WHAT TO WORK ON:
Copy out the data in full and exactly, passing over the pictures.

DATASET CONTENT:
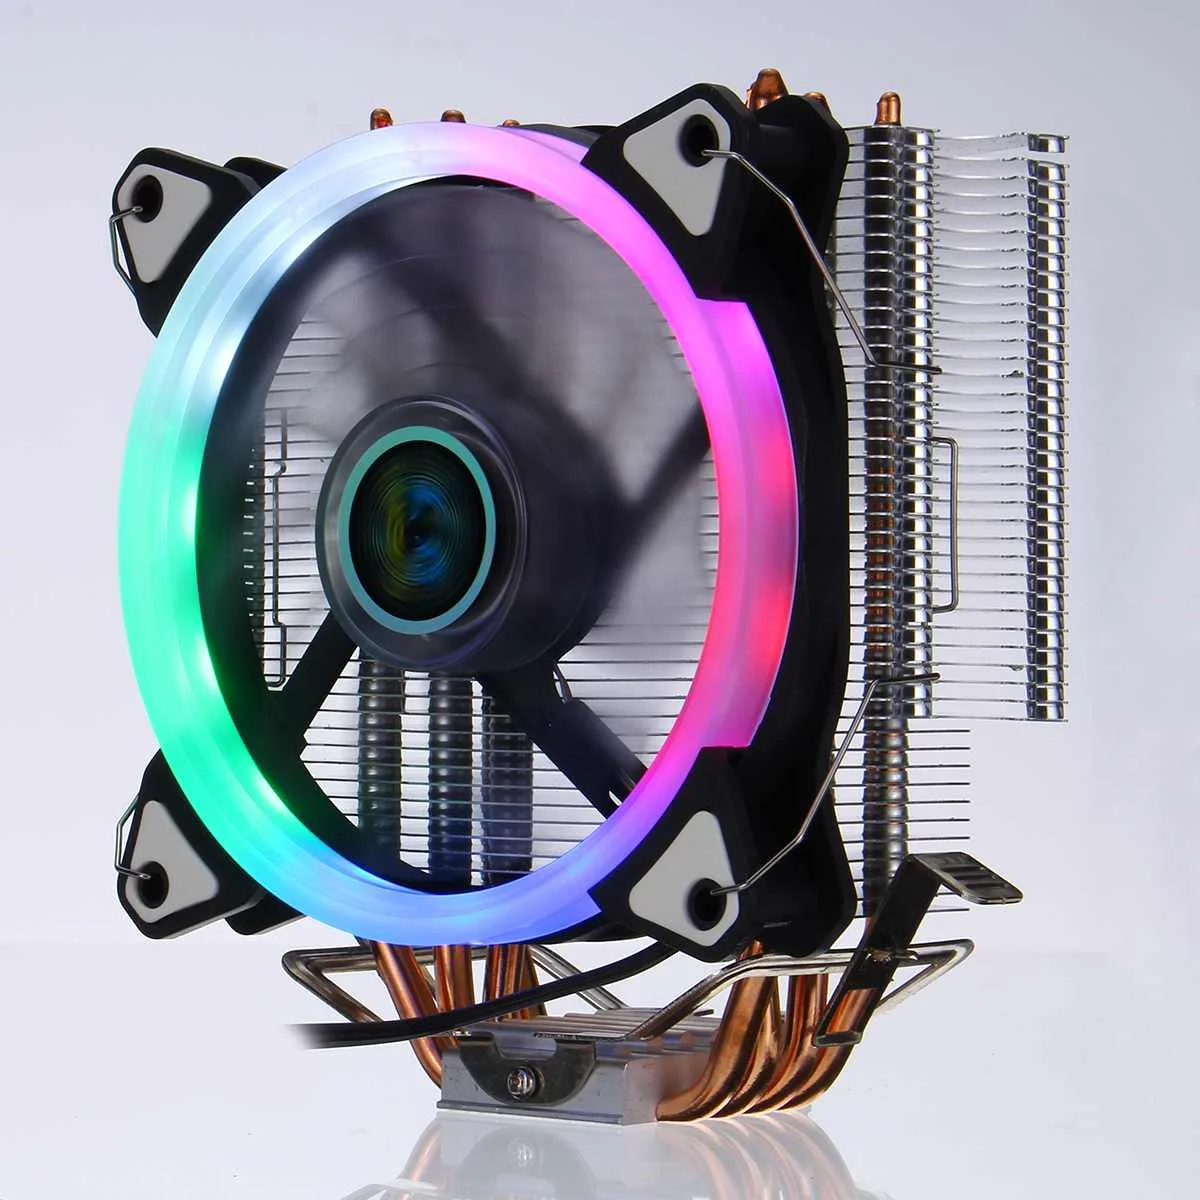 Процессор охлаждающий вентилятор радиатора 2/4/6 Медь с тепловым стержнем heat pipe 3/4Pin RGB Вентилятор Кулер для Intel 775/1150/1151/1155/1156/1366 и AMD все платформы - Цвет лезвия: Type 9
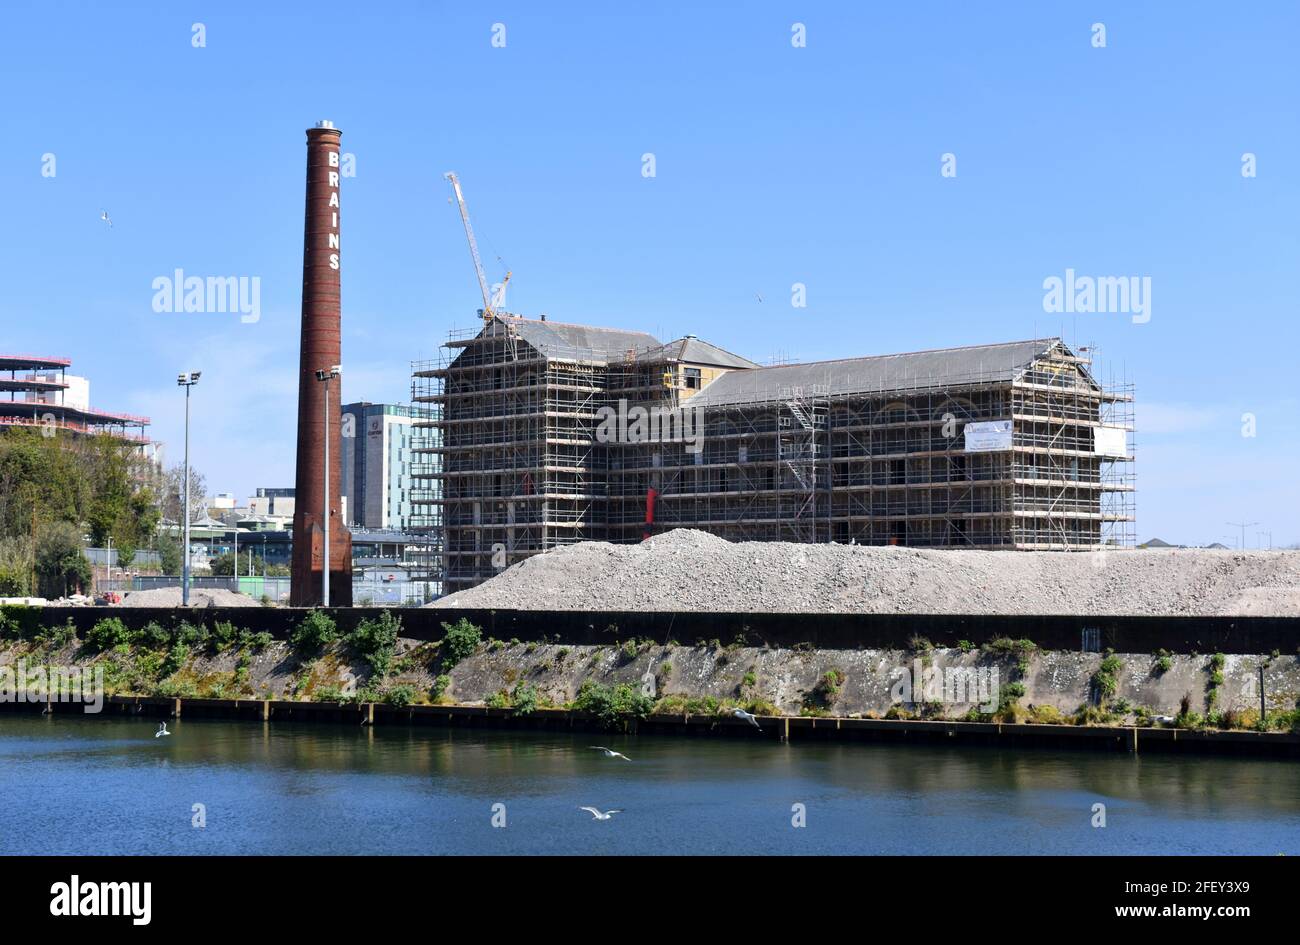 Reurbanización de la fábrica de cerveza Brains en construcción, esquema Central Quay, Cardiff, Gales Foto de stock
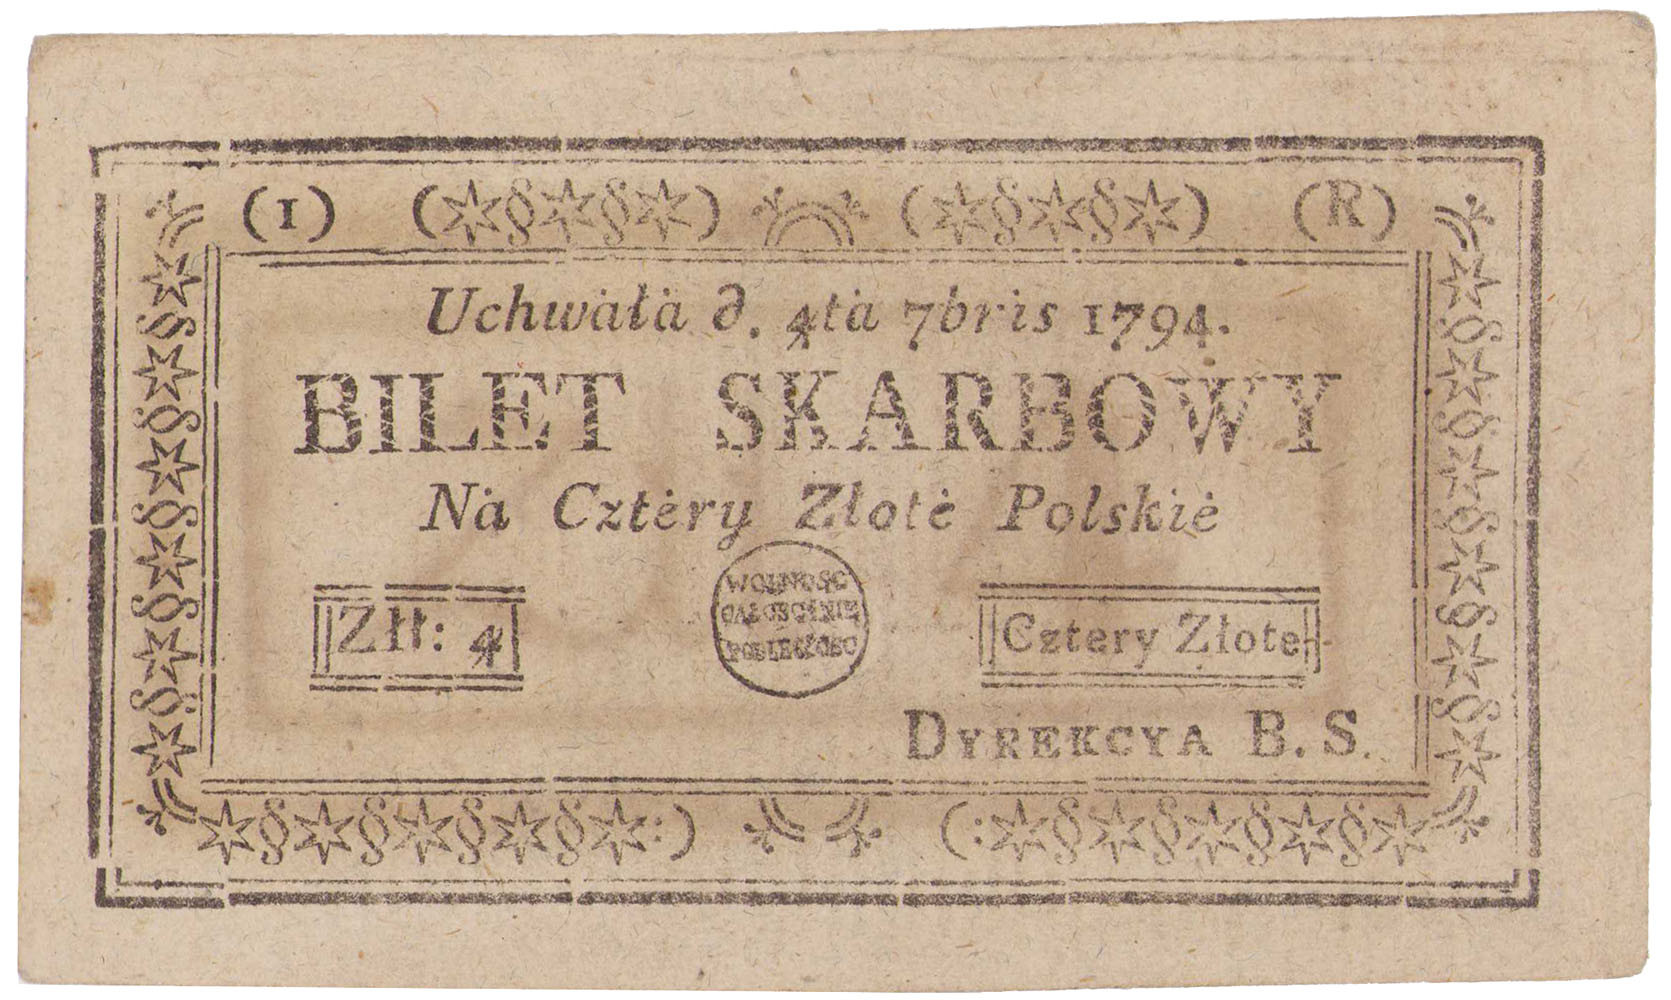 Insurekcja Kościuszkowska. Bilet skarbowy 4 złote polskie 1794, seria 1-R

ANSWER TO THE PROBLEM:
 Процессор охлаждающий вентилятор радиатора 2/4/6 Медь с тепловым стержнем heat pipe 3/4Pin RGB Вентилятор Кулер для Intel 775/1150/1151/1155/1156/1366 и AMD все платформы - Цвет лезвия: Type 9
 Reurbanización de la fábrica de cerveza Brains en construcción, esquema Central Quay, Cardiff, Gales Foto de stock
 Insurekcja Kościuszkowska. Bilet skarbowy 4 złote polskie 1794, seria 1-R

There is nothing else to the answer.